CIE employs continuous control signals that are expressed as interpolated embeddings within a defined spectrum, diverging from conventional discrete tokens or templated prompts. The method fine-tunes LLMs with two control embeddings representing the lower and upper bounds of a given attribute spectrum (e.g., response length). During text generation, a control embedding is interpolated based on user-specified values within this spectrum, allowing nuanced adjustments to the properties of the output. This interpolation transforms the desired attribute control into a vector space representation that can effectively guide the model’s generative process.

Experimental Findings

The authors present empirical results on several datasets, including VerbosityCTRL and Alpaca-LI, demonstrating CIE’s superior capability for response-length control compared to discrete signal approaches like the Ruler method. Improvements are quantified using metrics such as Conditioning Precision Ratio (CPR) and its variants, CPR@k, which considers tolerances around desired output lengths.
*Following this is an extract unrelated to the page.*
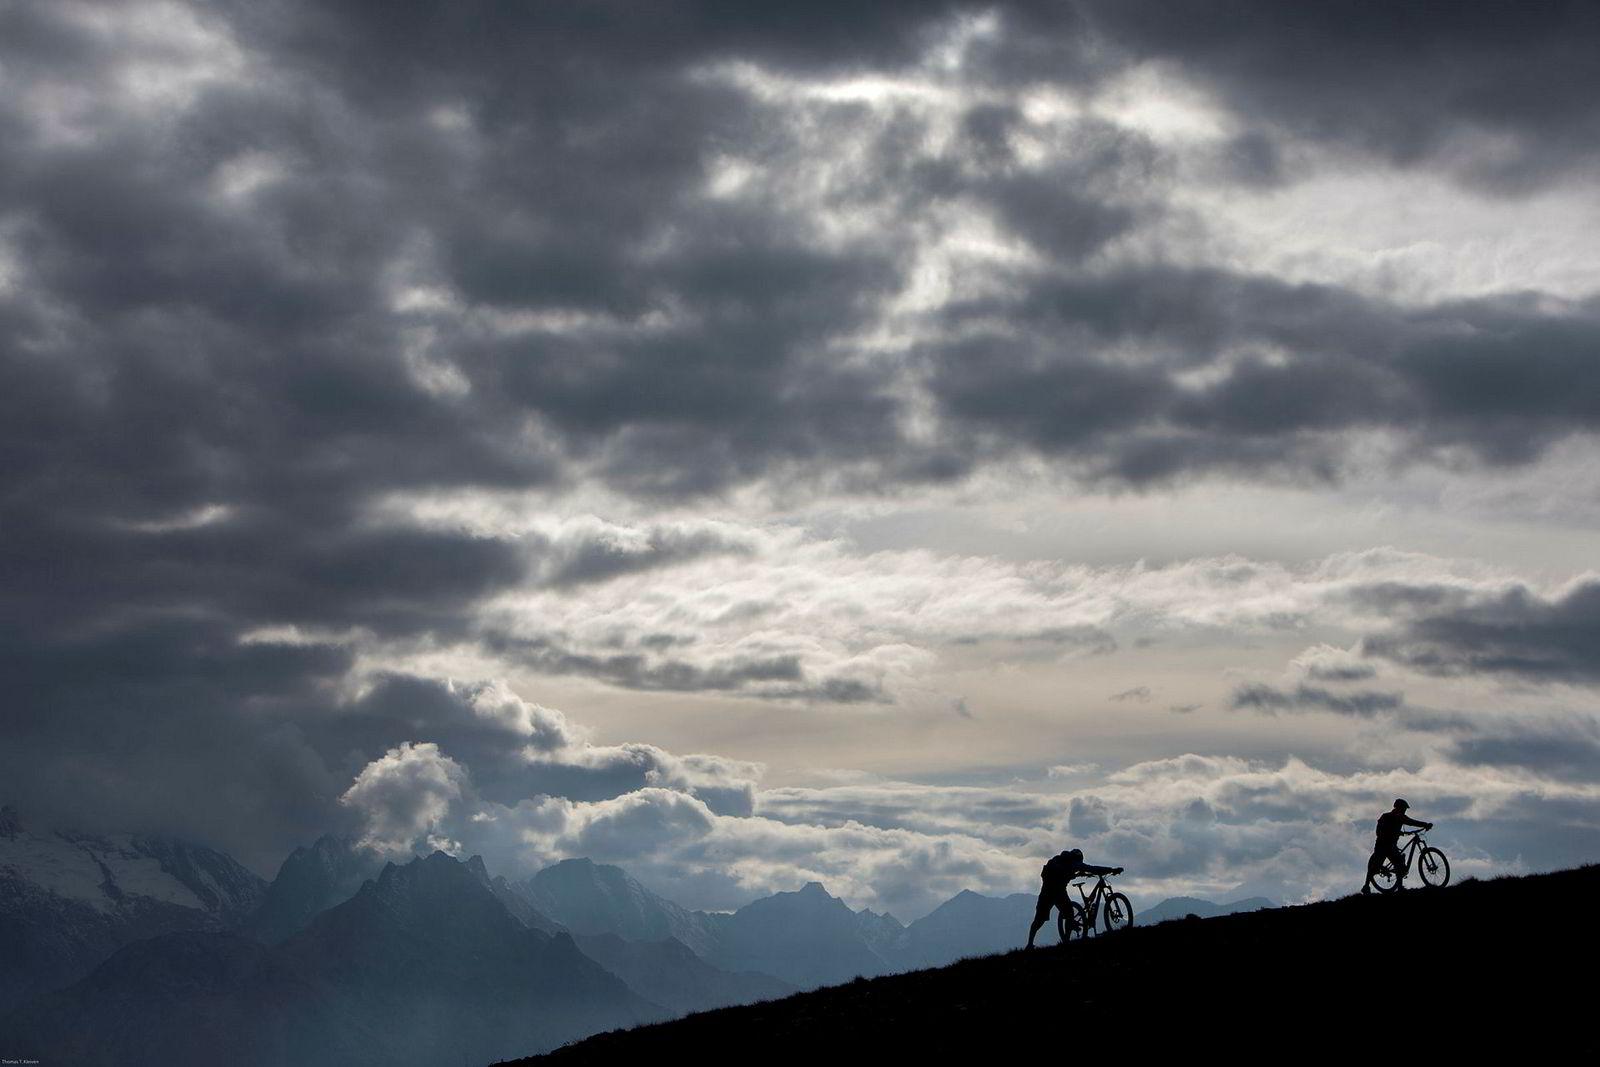 Sykkelguide Fabrizio Charruaz liker at kundene ikke bare kjører heis eller bil opp til starten av stiene. Han liker at de også går for egen maskin. Sammen med Trailguide-grunder Bjørn Jarle Kvande dytter han syklene lenger opp før de setter utfor stiene i Aosta-dalen.

Across different models, including LLaMA and gemma variants, CIE consistently outperforms prompt-based baselines and discrete token approaches, achieving more precise adherence to user-specified attributes without degrading the quality of the LLM's outputs.

Key Insights and Implications

  • Numerical Results:
    • CIE shows significant improvements in CPR and CPR@k metrics, with some model configurations experiencing enhancements of over 20 percentage points in adhering to specified attributes.
    • The approach exhibits robustness across both in-distribution and out-of-distribution data, indicating its generalizability and potential for implementation in varied contexts.
  • Practical and Theoretical Implications:
    • Practical: The technique enables users to specify and attain desired output characteristics reliably, fostering applications where precise control over text attributes is critical, such as personalized communication tools and interactive systems.
    • Theoretical: The embedding-based continuous control signals challenge existing paradigms in model conditioning, suggesting possible extensions to other continuous attributes and composite control scenarios involving multiple simultaneous adjustments.

Future Directions

The promising results of CIE indicate unexplored potential for managing other continuous and ordinal text attributes, such as sentiment intensity, linguistic complexity, or even abstract qualities like humor. Further research could investigate the compositionality of control vectors—how they interact when multiple attributes are simultaneously conditioned—and refine the method for broader applications in AI systems requiring adaptive language generation functionalities.

In conclusion, this paper contributes a compelling advancement in implementing continuous control signals within LLMs, shedding light on new possibilities for refining and directing AI-generated outputs according to user-specific demands.